Third-party service providers: We may use third-party service providers to help us operate our business. These providers are obligated to keep your information confidential.
We will only share your information outside the UK with appropriate safeguards in place, as required by the UK GDPR.
8. Sharing Information Outside the UK
Where necessary, we may transfer personal information outside of the UK. When doing so, we comply with the UK GDPR, ensuring appropriate safeguards are in place. Please contact us for more information.

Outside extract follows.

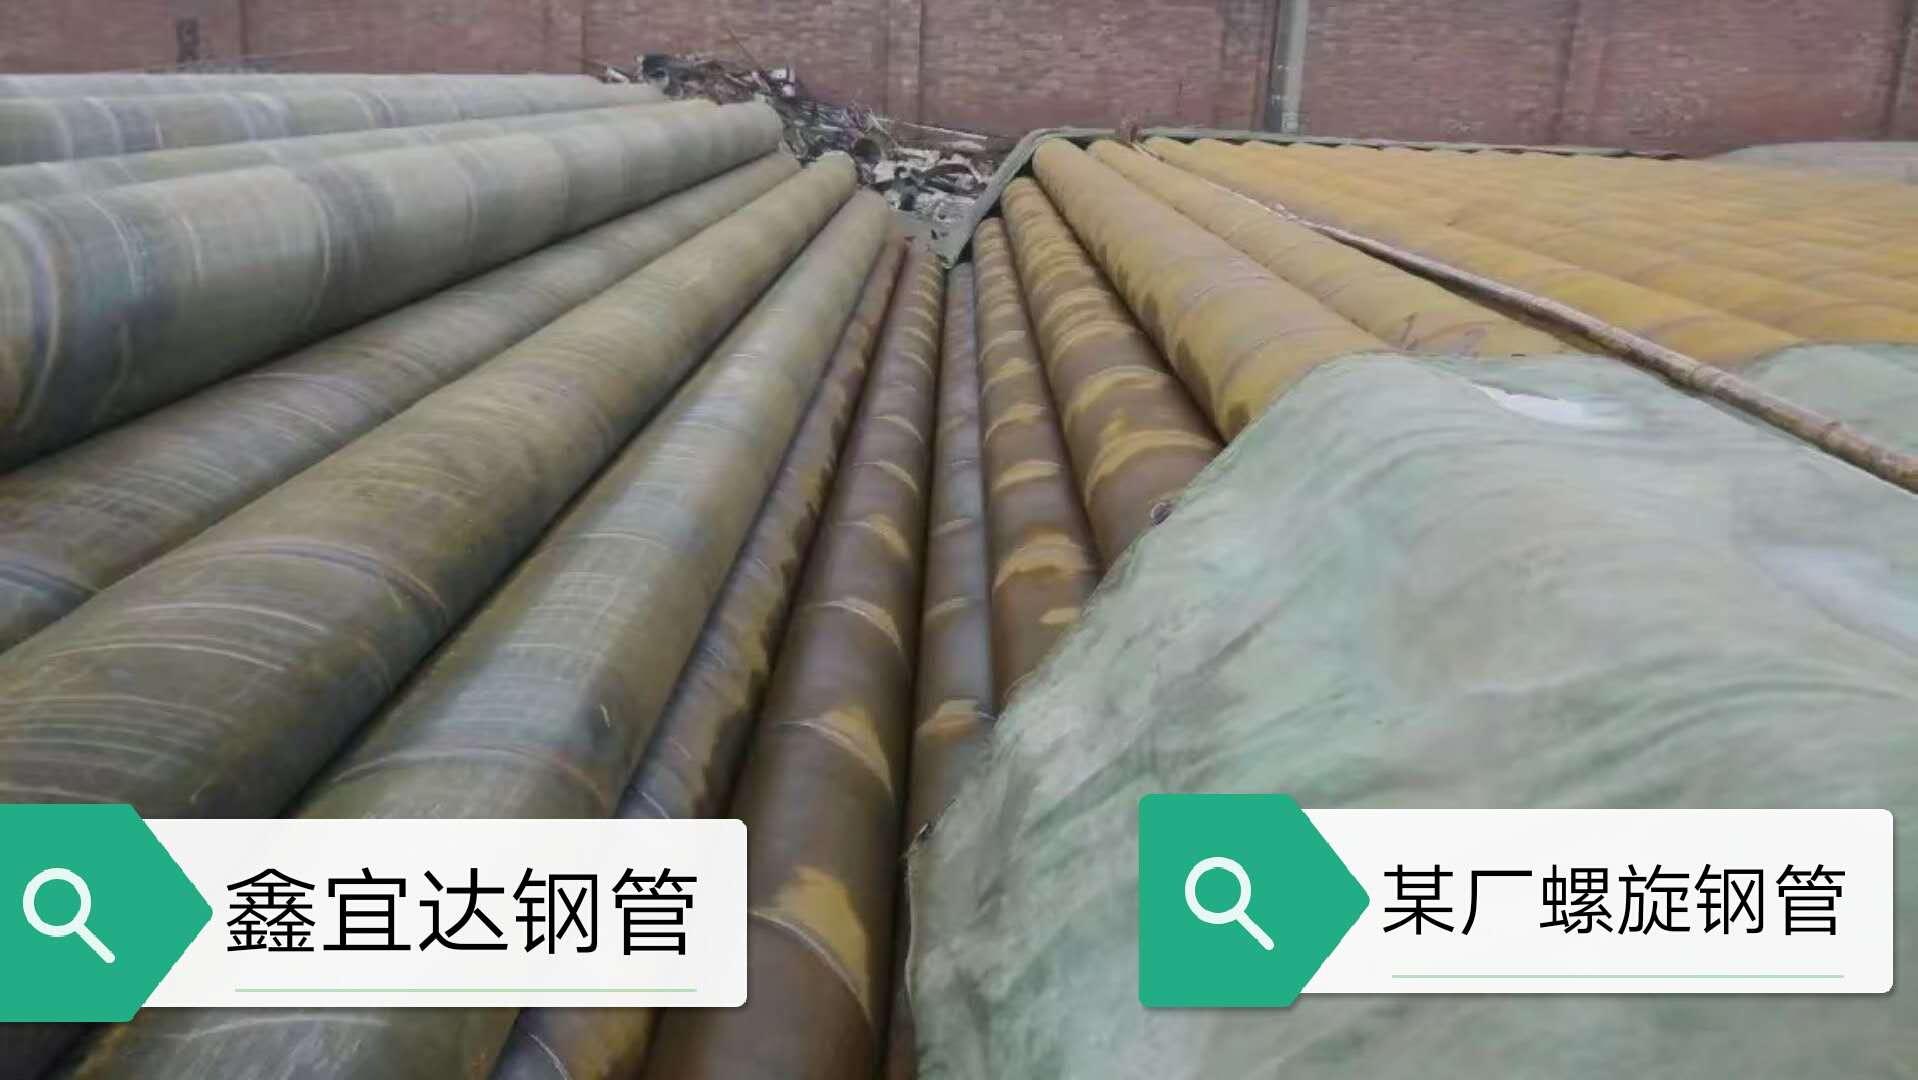 購買螺旋鋼管時的注意事項|行業新聞-滄州市鑫宜達鋼管集團股份有限公司.
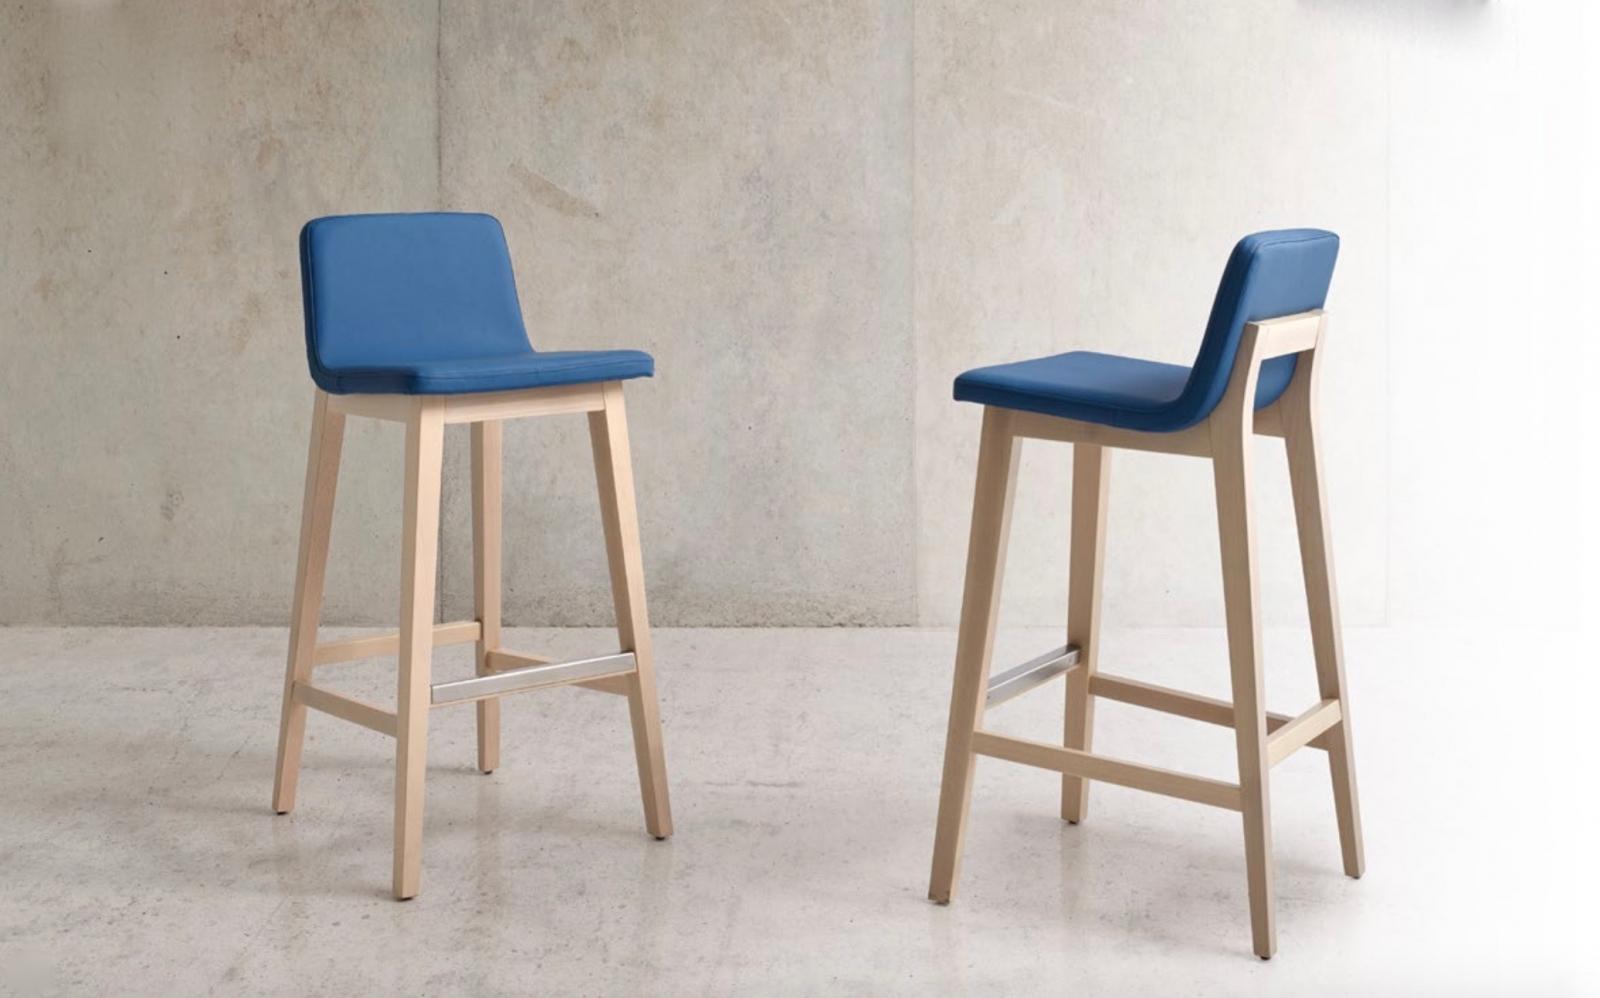 Taburete Blex moderno - Taburete Blex, silla alta con un tapizado de excelente calidad y madera de haya.  Moderno y cómodo.

9. Your data protection rights
Under data protection law, you have rights including:
Your right of access - You have the right to ask us for copies of your personal data. A subject access request can be made by email to dpo@five.id. We will need to obtain proof of your identity before providing you with information we hold about you.
Your right to rectification - You have the right to ask us to rectify personal data you think is inaccurate. You also have the right to ask us to complete information you think is incomplete.
Your right to erasure - You have the right to ask us to erase your personal data in certain circumstances.
Your right to restriction of processing - Article 17 UK GDPR lists the circumstances where you have the right to be forgotten and have data concerning you erased from our records. We will fulfil this right where it exists in the listed circumstances.
Your right to object to processing - Article 18 UK GDPR lists the circumstances where you have the right to obtain from us a restriction of processing. If one of these circumstances apply we will restrict our processing of your personal data in the ways required by Article 18.
Your right to data portability - You have the right to ask that we transfer the personal data you gave us to another organisation, or to you, in certain circumstances.
Your right to withdraw consent - When we use consent as our lawful basis you have the right to withdraw your consent.
You don't usually need to pay a fee to exercise your rights. If you make a request, we have one calendar month to respond to you.
To make a data protection rights request, please contact us using the contact details at the top of this privacy notice.
10. How to Complain
If you have any concerns about our use of your personal data, you can make a complaint to us using the contact details at the top of this privacy notice.
If you remain unhappy with how we've used your data after raising a complaint with us, you can also complain to the ICO.
The ICO's address: Information Commissioner's Office, Wycliffe House, Water Lane, Wilmslow, Cheshire, SK9 5AF
Helpline number: 0303 123 1113
11. Explaining AI Decisions
This privacy notice includes the following information to help you understand clearly how your data is being used.
Five ID collects palm biometric information via a dedicated terminal and utilises AI software to compare this data against a database of Five ID customers. If a match is found, customers are authenticated, and payment partners are instructed to process the transaction.
Before collecting your biometric information, you will need to place your palm over a Five terminal during the payment process or onboarding application. These images are encrypted and transmitted to our secure cloud server, where they are converted into biometric measurements and compared against our database.
This rephrased privacy policy ensures compliance with UK GDPR and the Data Protection Act 2018, providing clear and comprehensive information about the collection, use, and protection of biometric data.